### Raw data
• • • • • • •

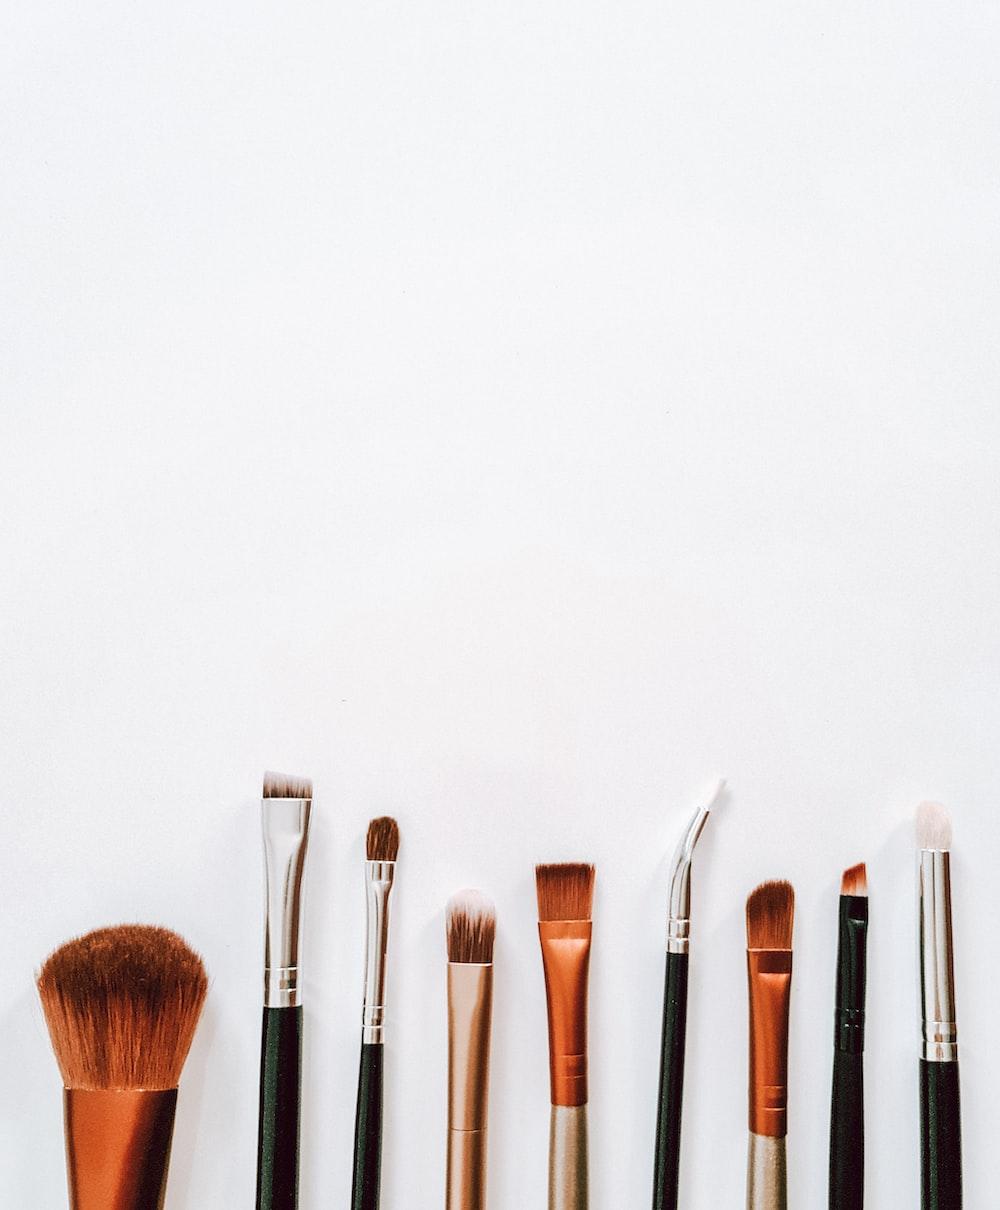 brown and silver makeup brush set
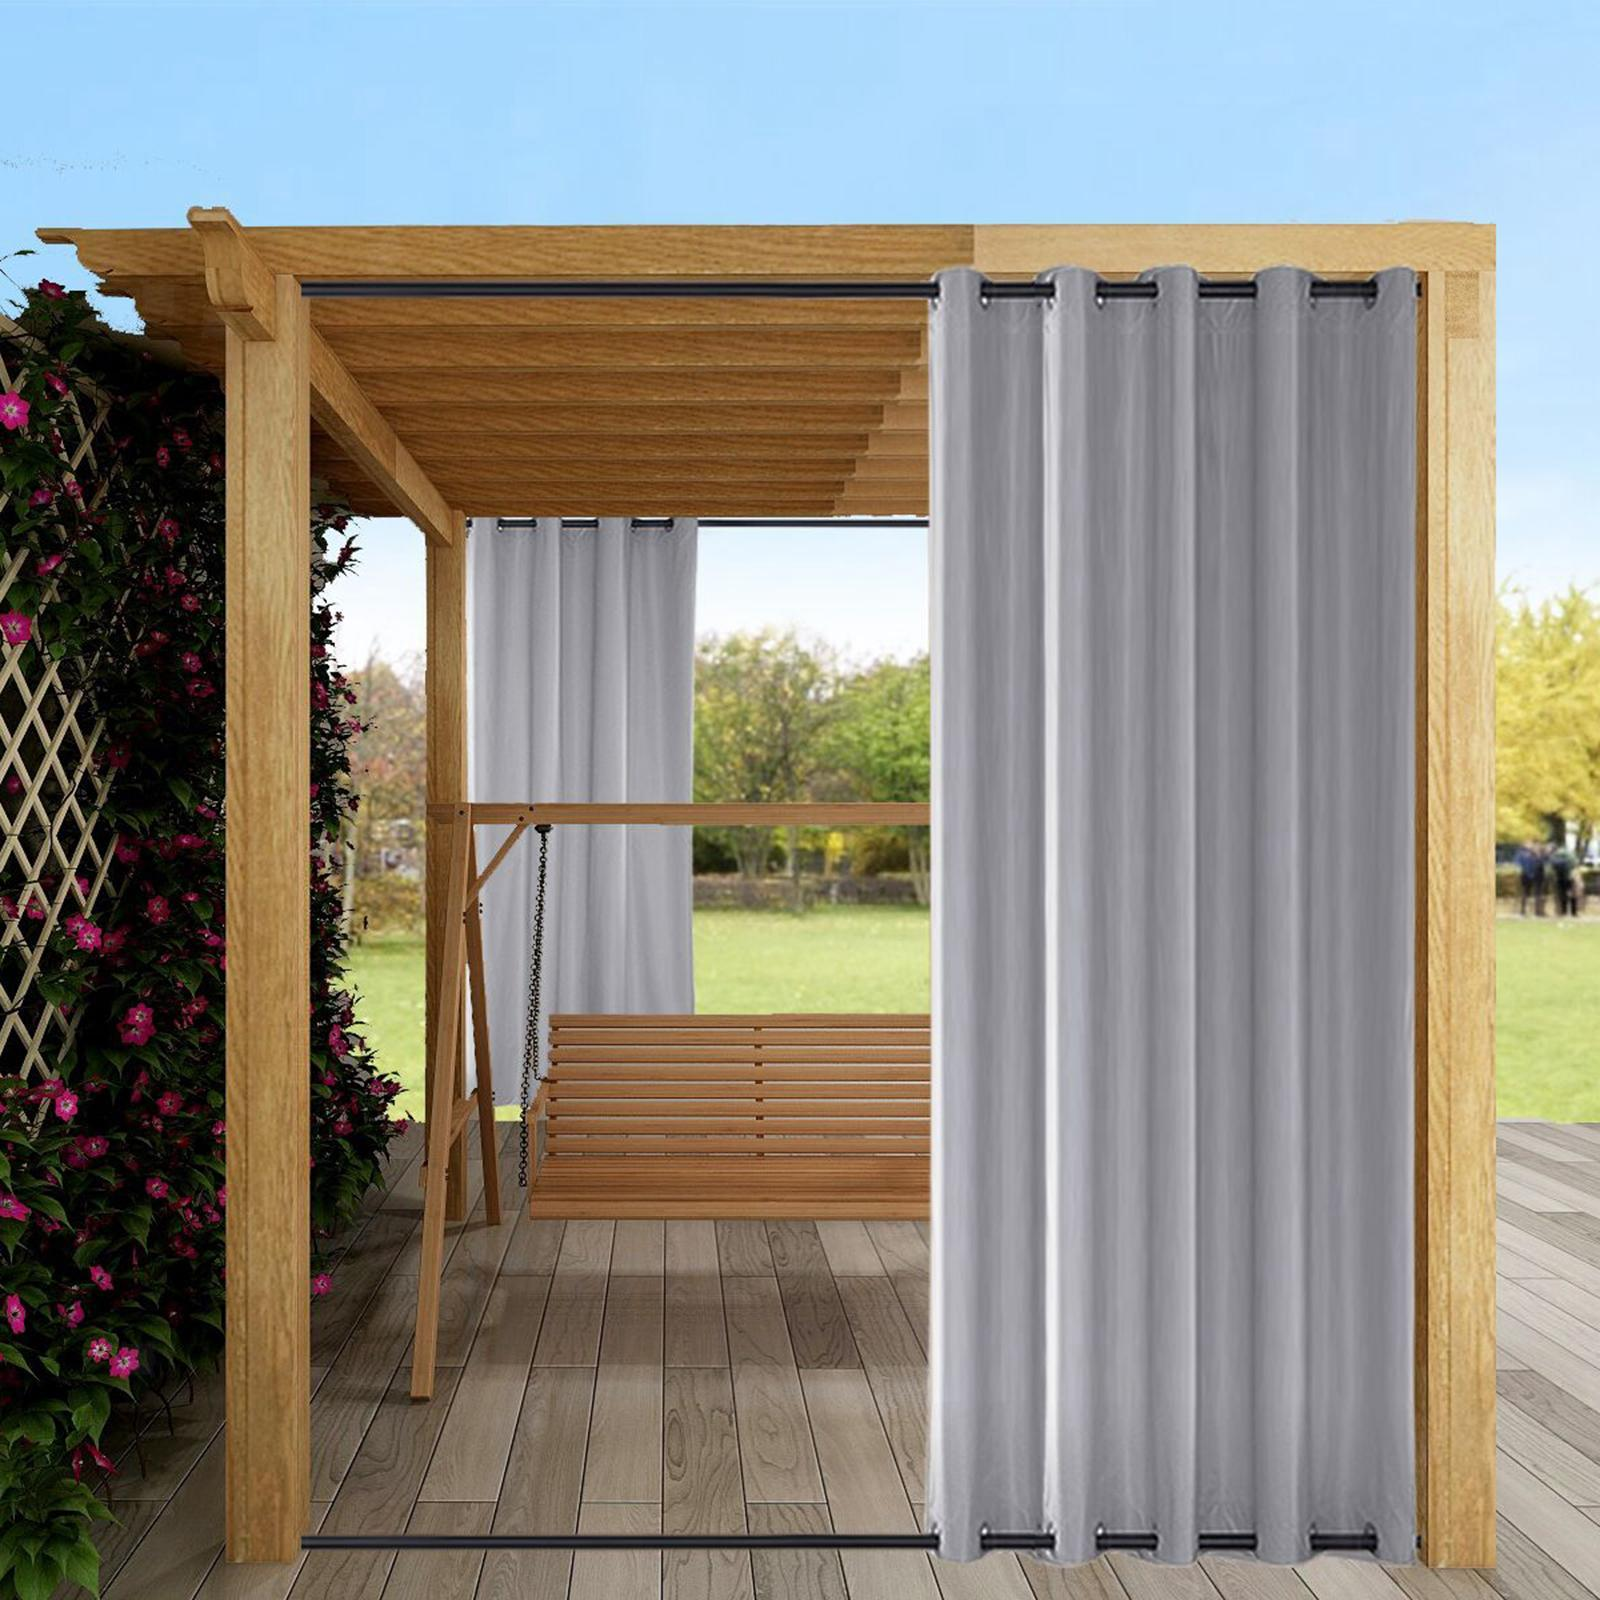 Terrasse vorhang outdoor drape wärme isolierte veranda pavillon ...
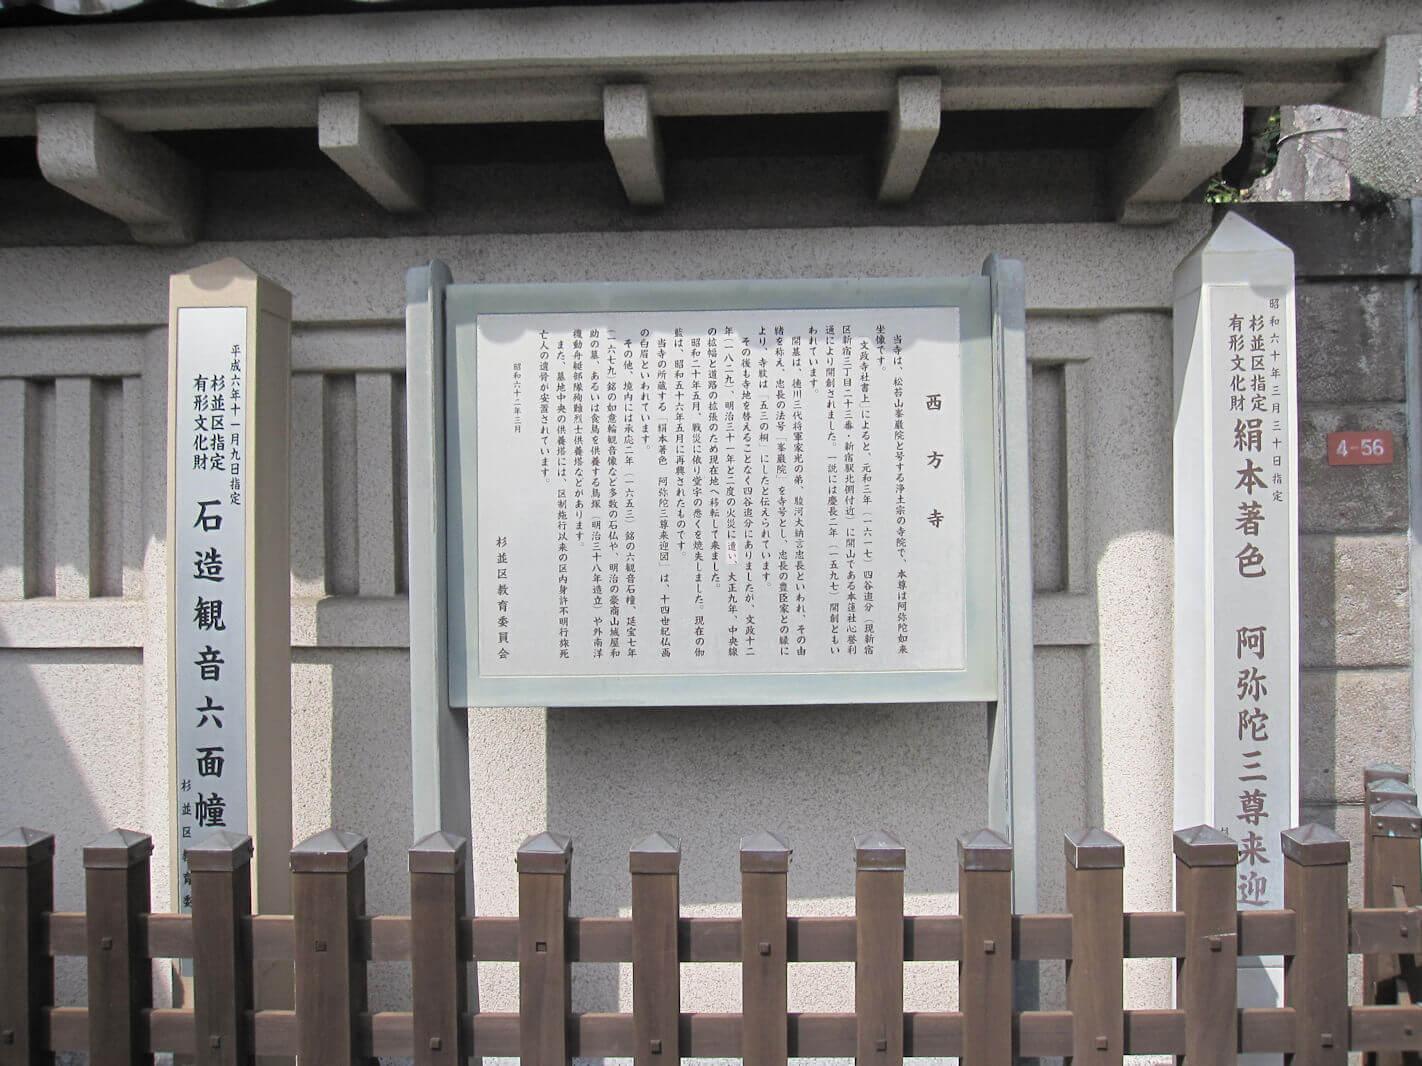 西方寺の入口(看板正面)

• • • • • • •

### What this task involves
Everything in the listing is to be returned word for word, except the pictures.

### Response to the exercise
 brown and silver makeup brush set
 Terrasse vorhang outdoor drape wärme isolierte veranda pavillon ...
 西方寺の入口(看板正面)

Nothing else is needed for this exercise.